==== Given data

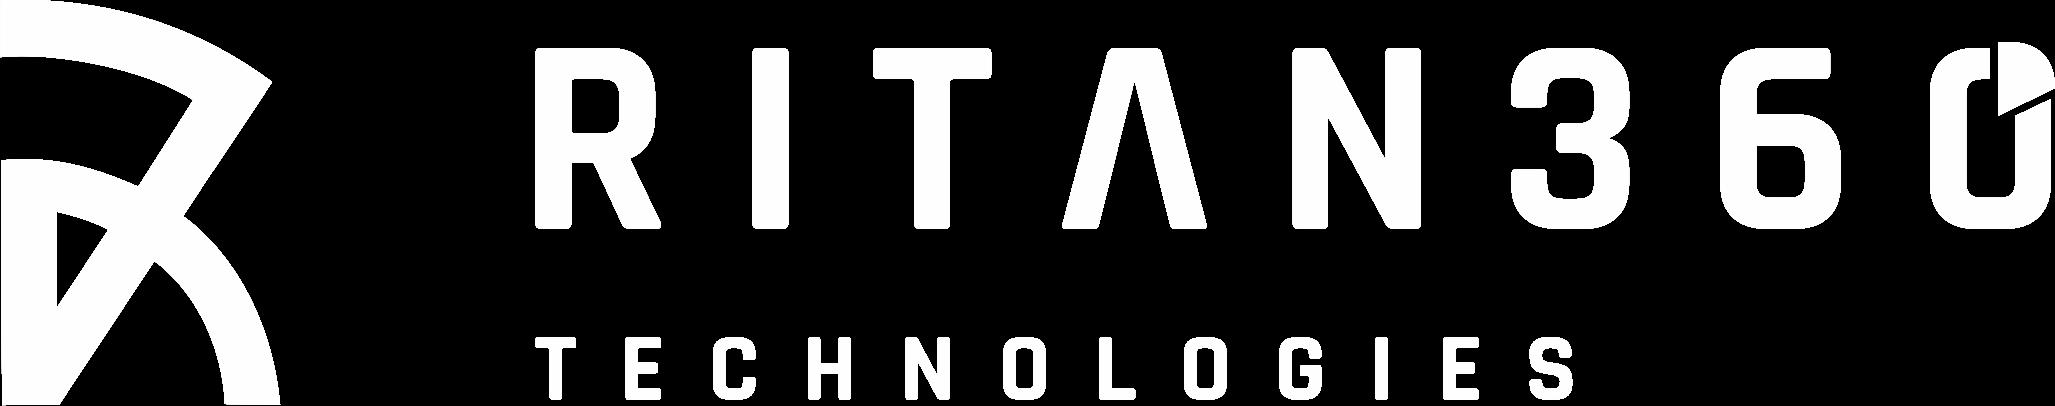 Digital Marketing & Website Design Company in Lagos, Nigeria - Ritan360 Technologies
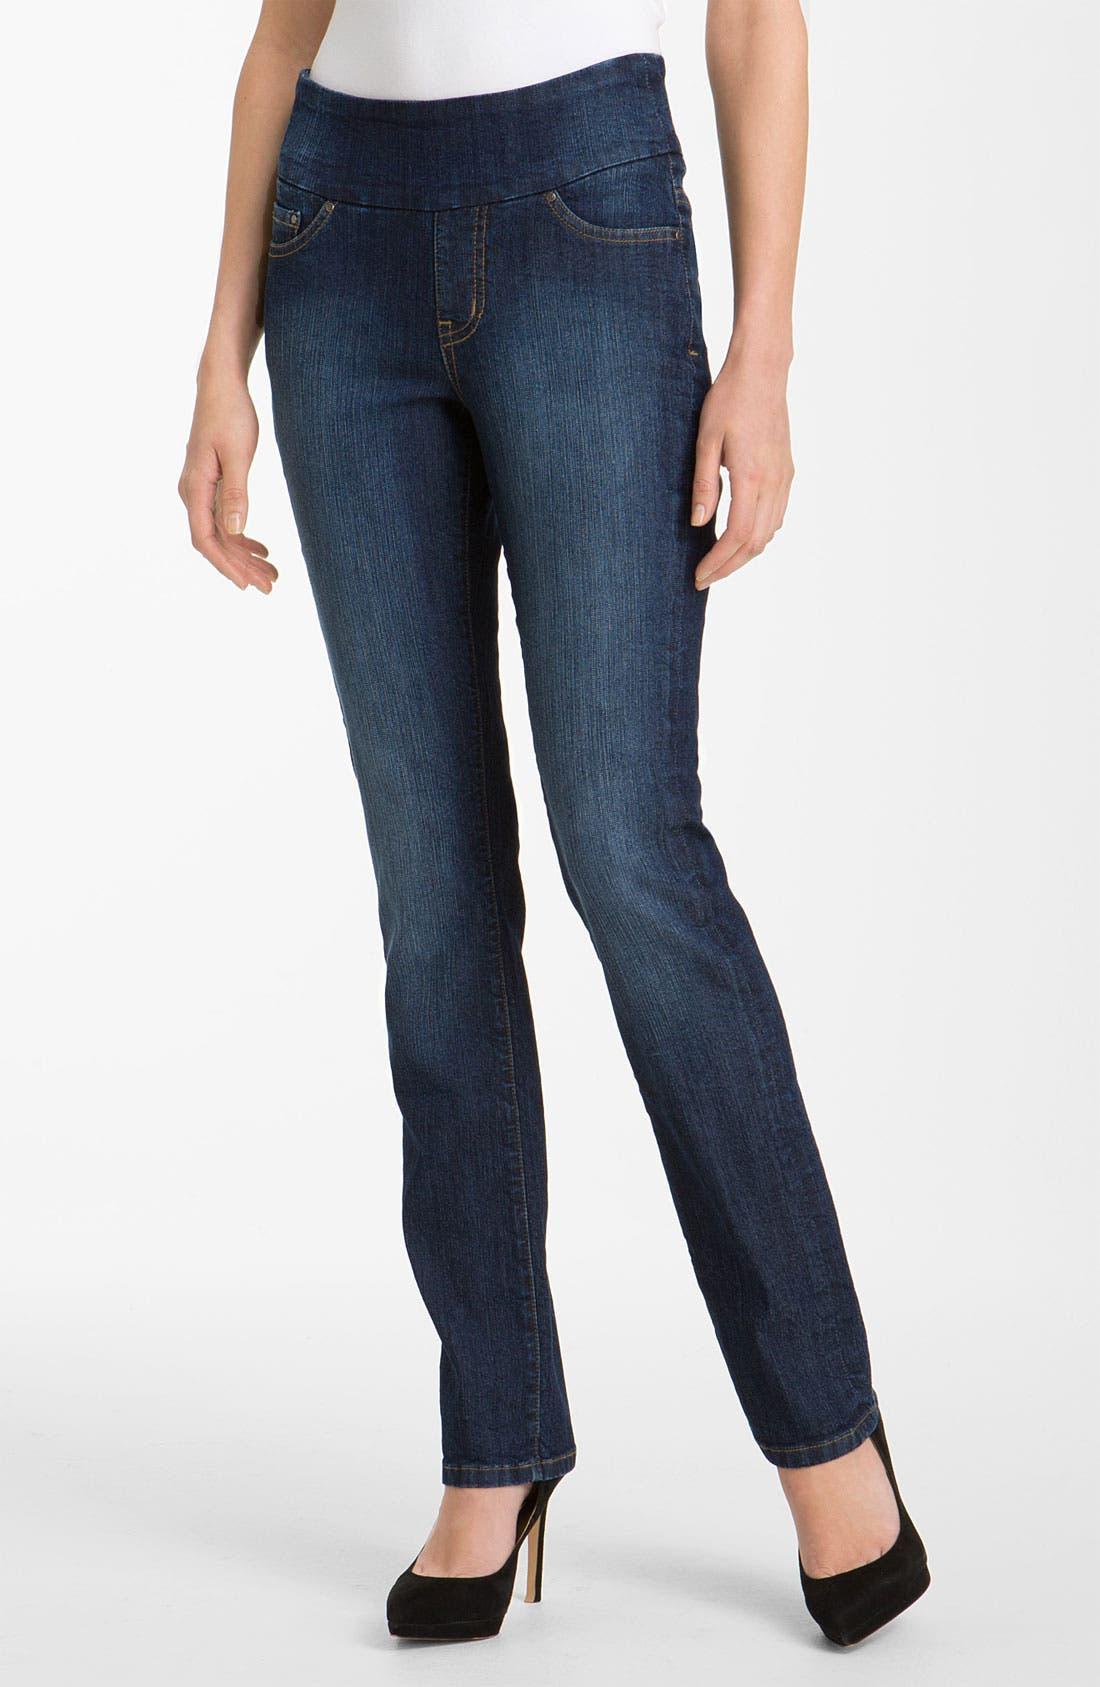 Alternate Image 1 Selected - Jag Jeans 'Peri' Pull-On Jeans (Petite)
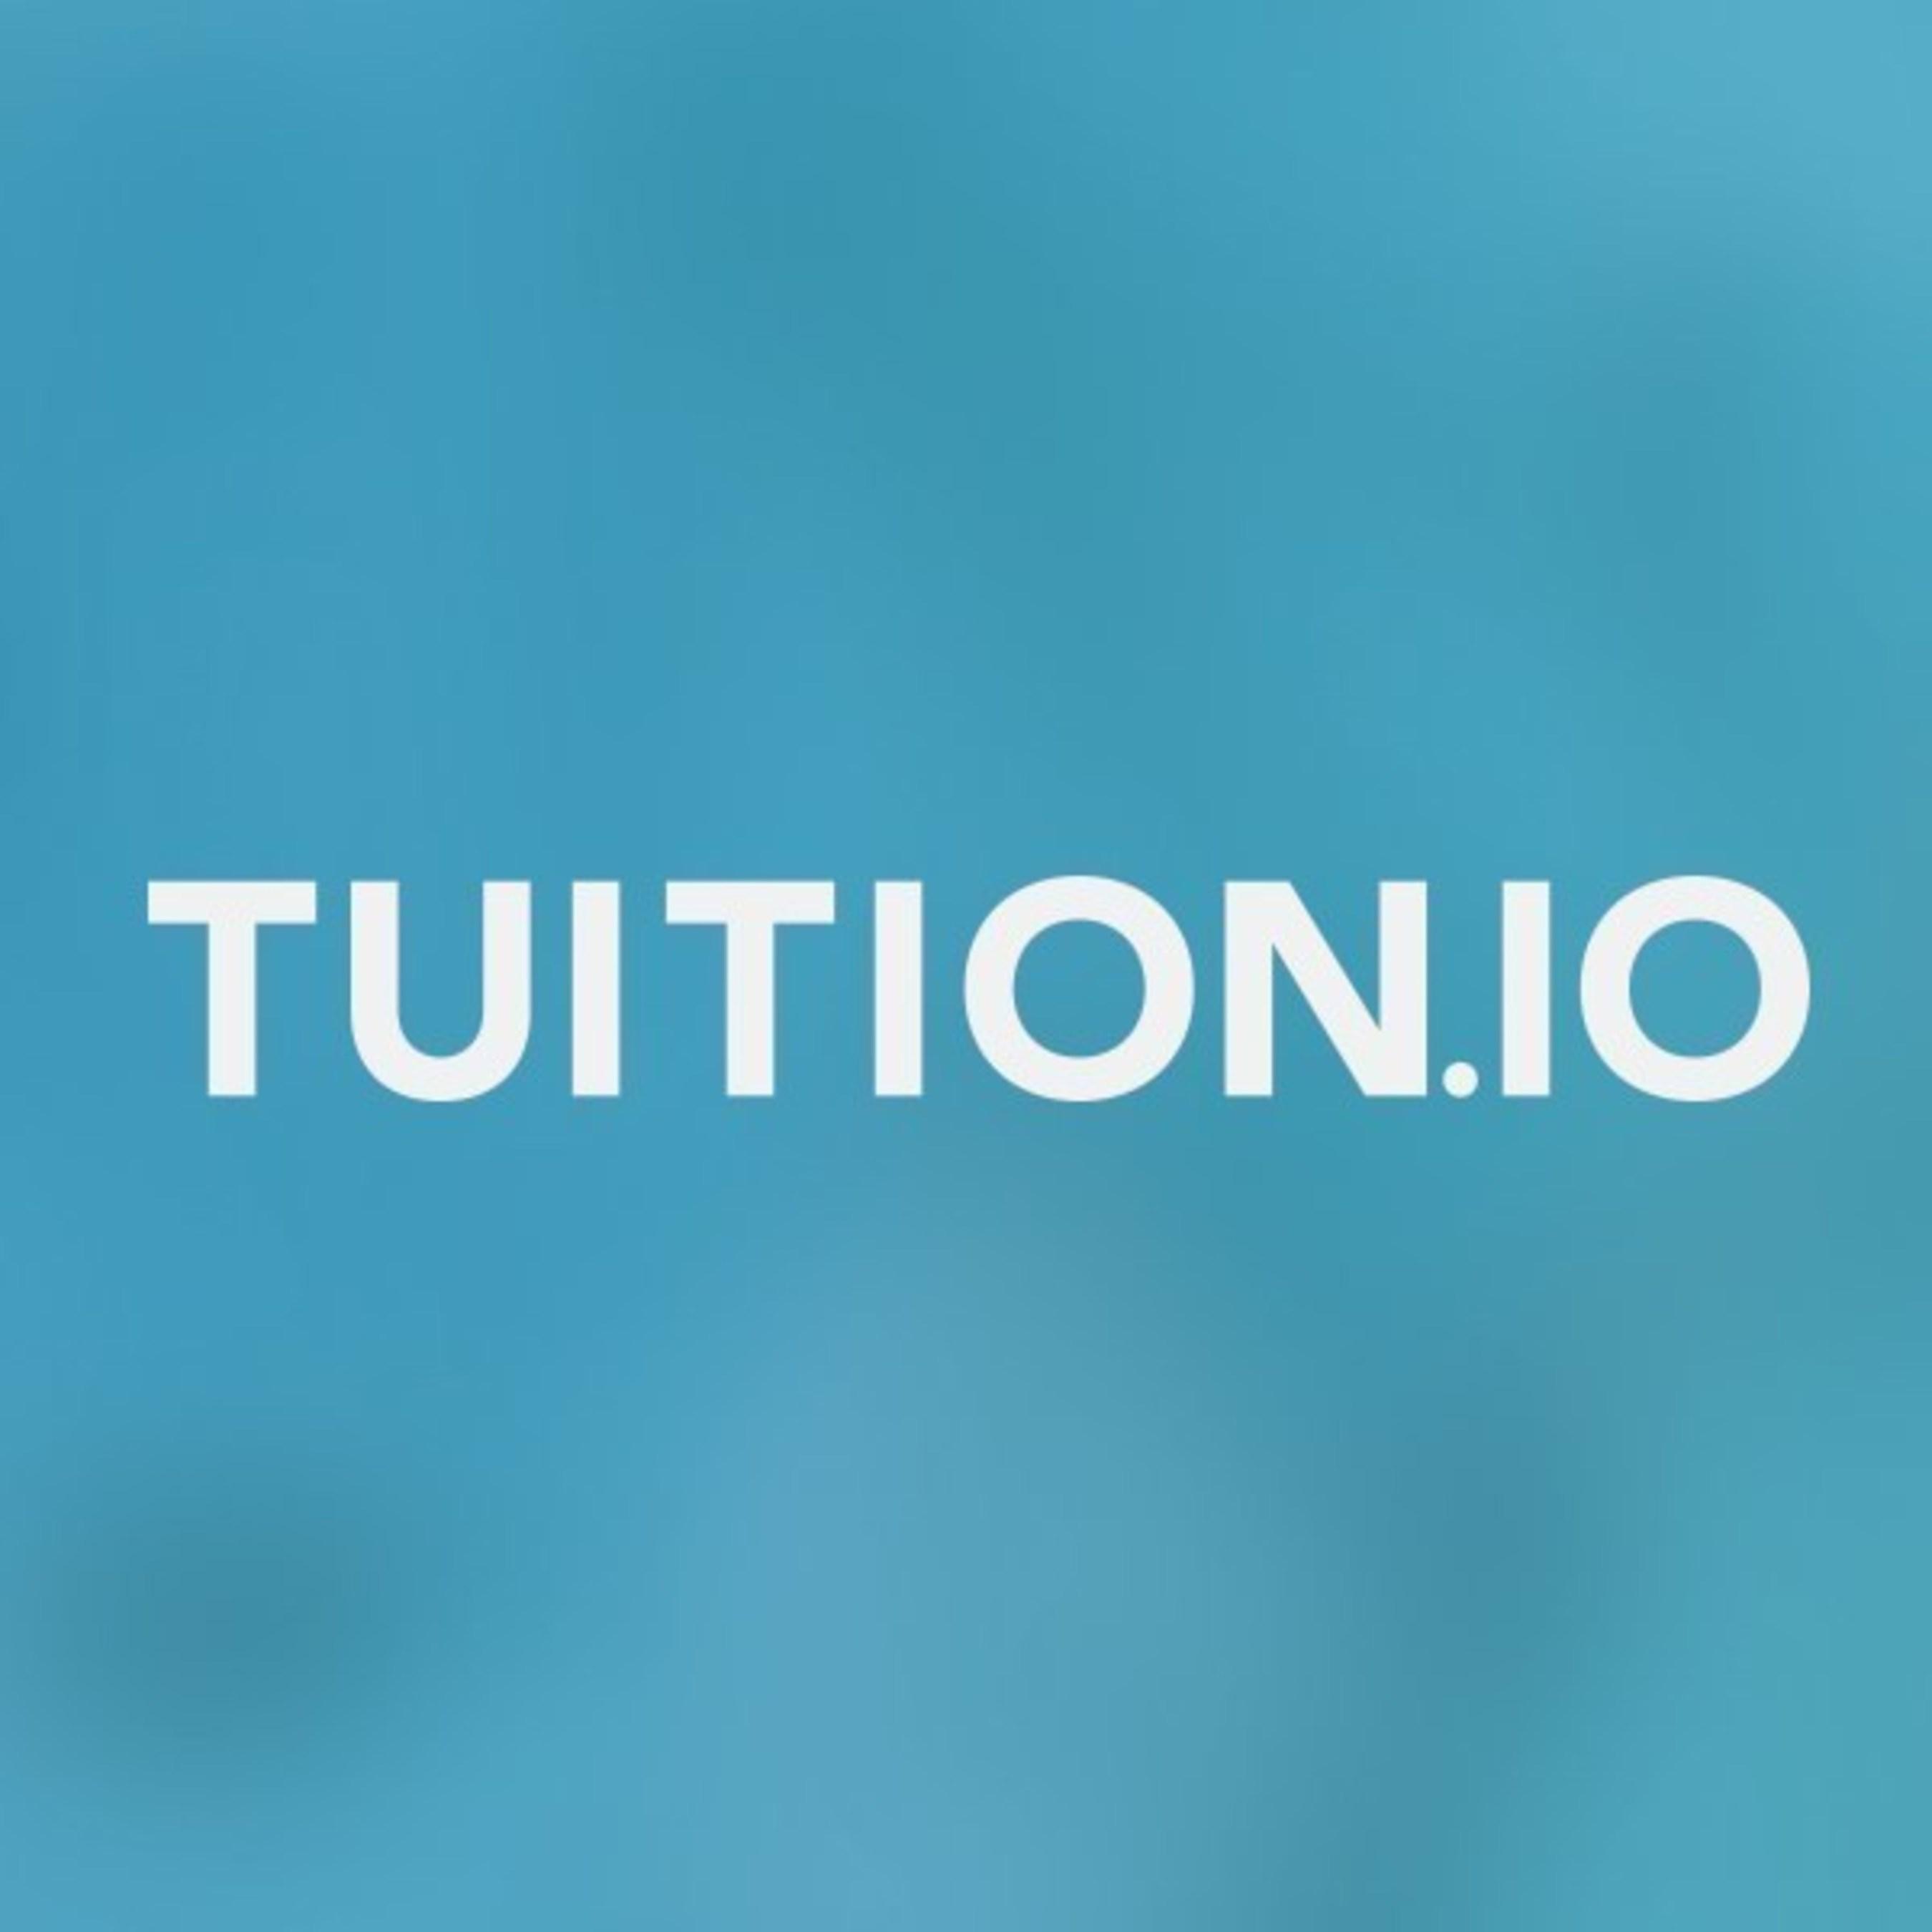 Tuition.io

========

Without the pictures, write out every line above exactly as it appears.

[Answer to this problem]:
 Digital Marketing & Website Design Company in Lagos, Nigeria - Ritan360 Technologies
 Alternate Image 1 Selected - Jag Jeans 'Peri' Pull-On Jeans (Petite)
 Tuition.io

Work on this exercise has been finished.